BRABUS gibt für den Bodo 735 kW beziehungsweise 1.000 PS an. Das maximale Drehmoment liegt laut Hersteller bei 1.200 Nm. Damit gehört das Auto klar in die Spitzengruppe moderner Hochleistungs-GT.
Wie schnell ist der Brabus Bodo?
Der Sprint von 0 auf 100 km/h soll in 3,0 Sekunden gelingen. 200 km/h sind nach 8,5 Sekunden erreicht, 300 km/h nach 23,9 Sekunden. Die Höchstgeschwindigkeit ist elektronisch auf 360 km/h begrenzt.

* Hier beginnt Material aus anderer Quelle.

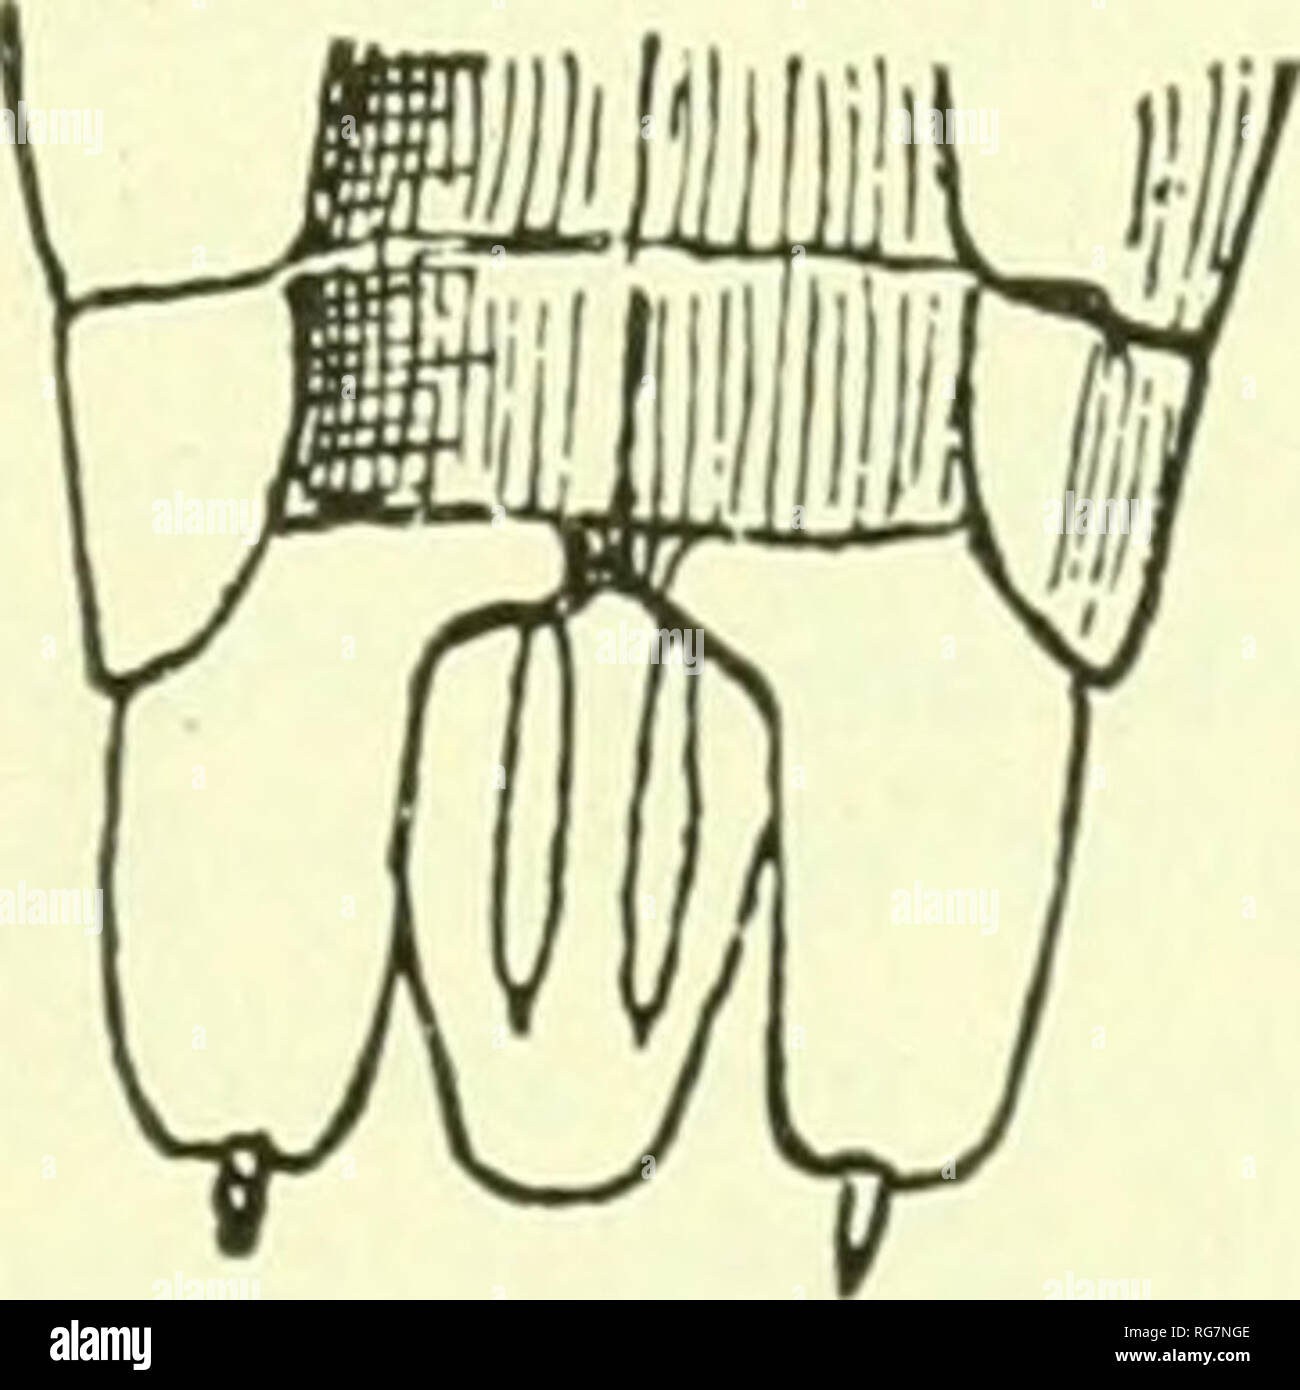 . Bulletin - United States National Museum. Science. Fig. 651.—Ethelum reflexum (After Dollfus). a, Head and first two segments of thorax (UPPER SIDE). 6, The same (underside), c, Fifth and sixth segments of abdomen and uro- PODA (upper side), cl, THE SAME (UNDERSIDE). Coxopodite of the second segment hidden under the bent side part of the segment. Pleon, telson: the lateral parts being nearly folded underneath, the hind edge of segments (3-5) seems straight from a dorsal view. Pleotelson flat, with curved sides and a blunt, rather rounded apex. Uropoda: basis with a large oblong processus; en Stock Photo

Wie viele Brabus Bodo werden gebaut?
Laut offizieller BRABUS-Angabe ist die Produktion auf 77 Fahrzeuge weltweit begrenzt. Zusätzlich nennt die Marke eine jährliche Fertigung von 10 bis 15 Autos. Das unterstreicht den exklusiven Charakter des Projekts deutlich.
Warum heißt der Brabus Bodo so?
Der Name erinnert an Bodo Buschmann, den Gründer von BRABUS. Das Fahrzeug greift dieses Erbe auch gestalterisch auf, etwa mit dem „77“-Emblem als Verweis auf das Gründungsjahr 1977. Damit ist der Name nicht Marketing-Dekor, sondern Teil des gesamten Konzepts.